BEGIN Information shown

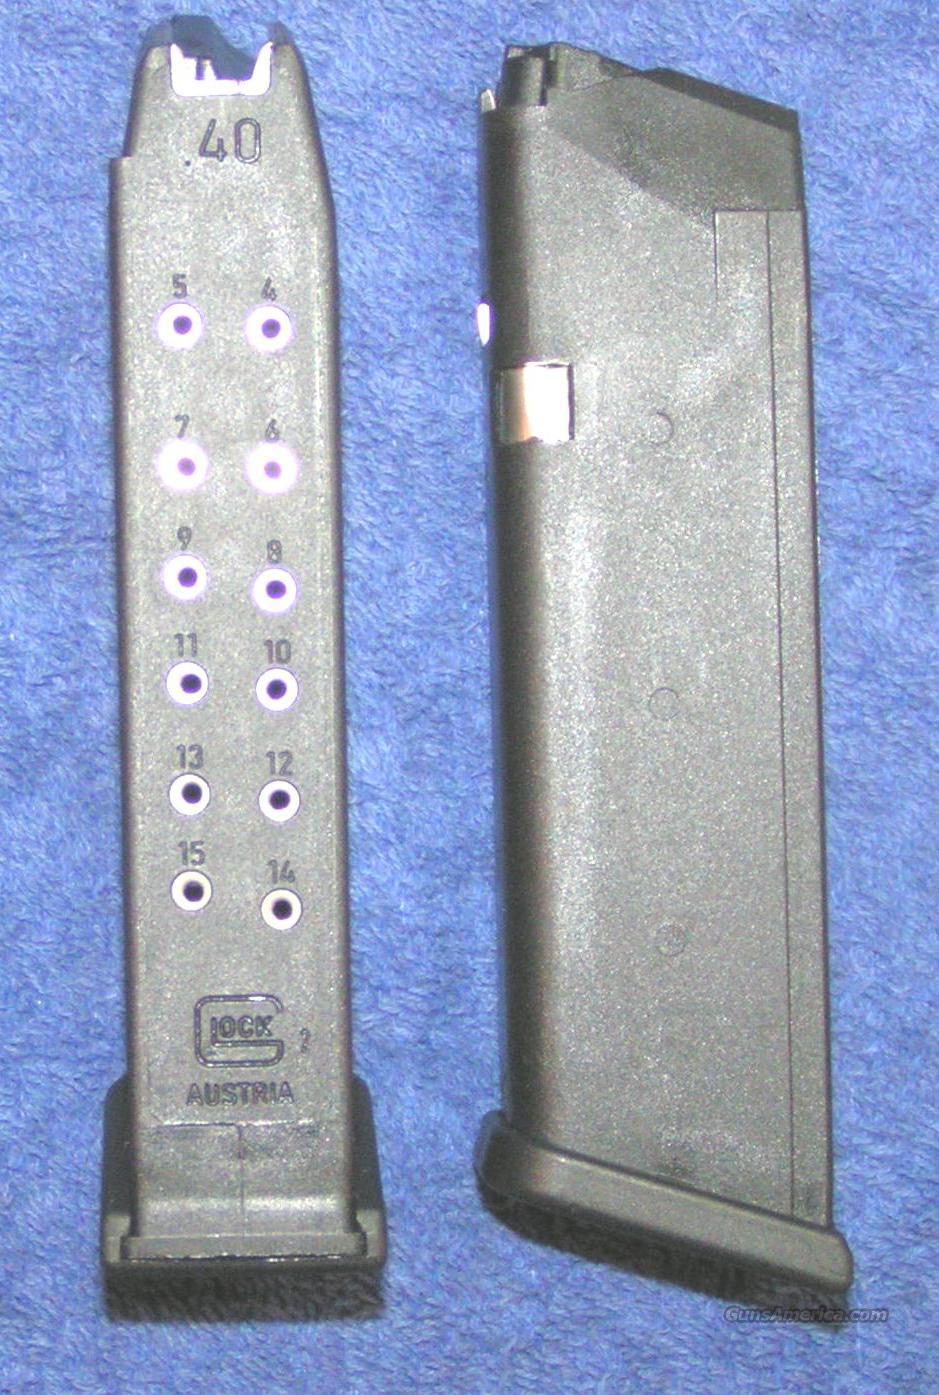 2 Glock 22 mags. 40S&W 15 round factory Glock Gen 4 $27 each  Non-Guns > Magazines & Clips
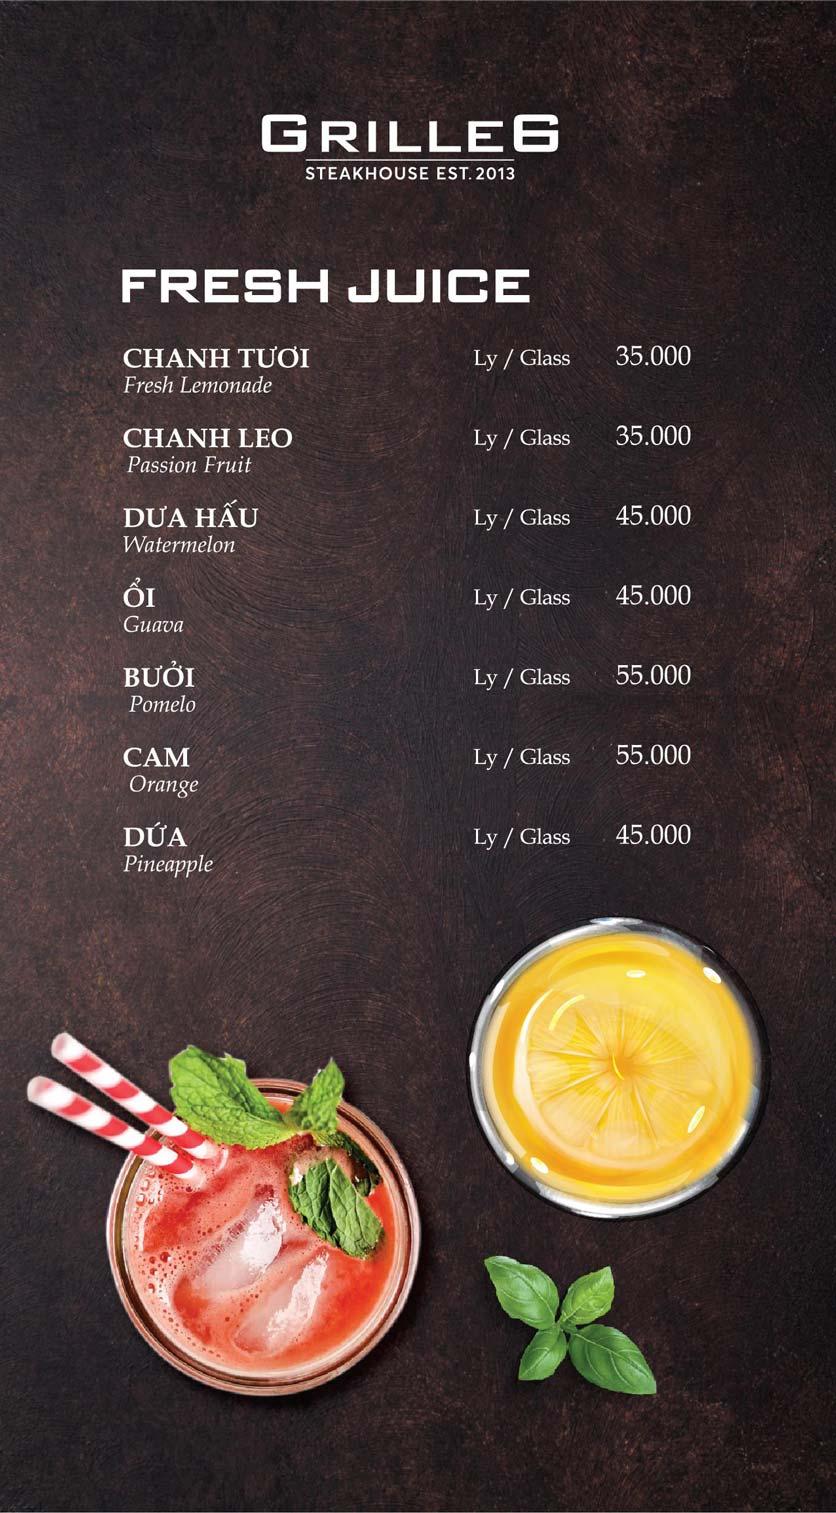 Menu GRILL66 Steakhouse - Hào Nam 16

END Information shown
BEGIN Information shown

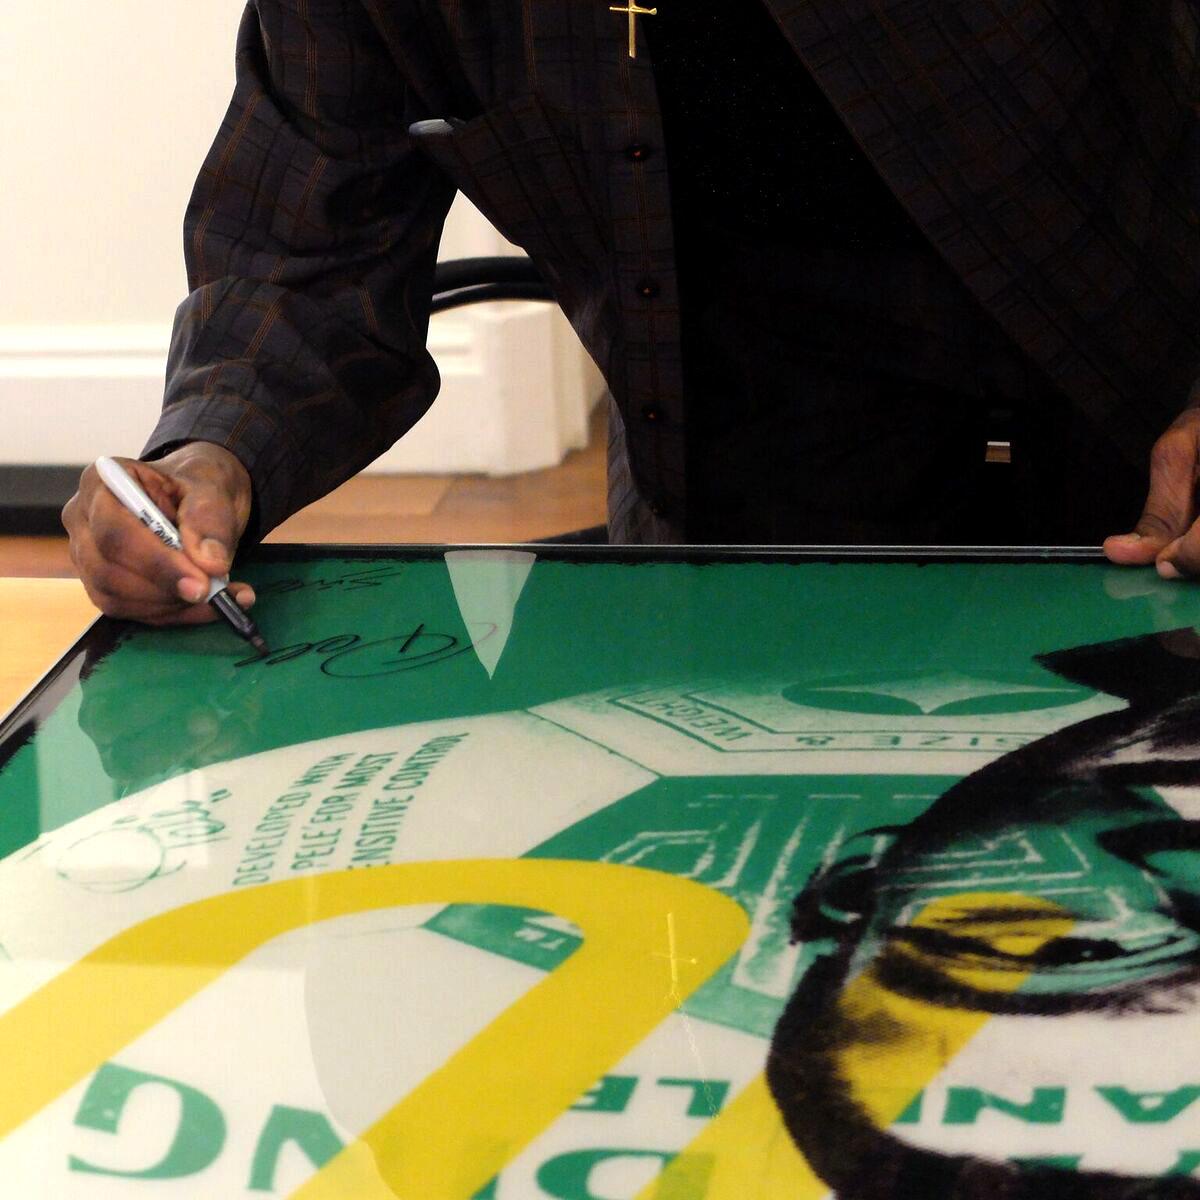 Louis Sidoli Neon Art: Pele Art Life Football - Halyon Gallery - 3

END Information shown

» Exercise brief: Taking the records above, print only and exactly the lines from the line with "2 Glock 22 mags." to the line with "Menu GRILL66 Steakhouse - Hào Nam 16", both kept, and exclude pictures.

» Solution to this task:
 2 Glock 22 mags. 40S&W 15 round factory Glock Gen 4 $27 each  Non-Guns > Magazines & Clips
 Menu GRILL66 Steakhouse - Hào Nam 16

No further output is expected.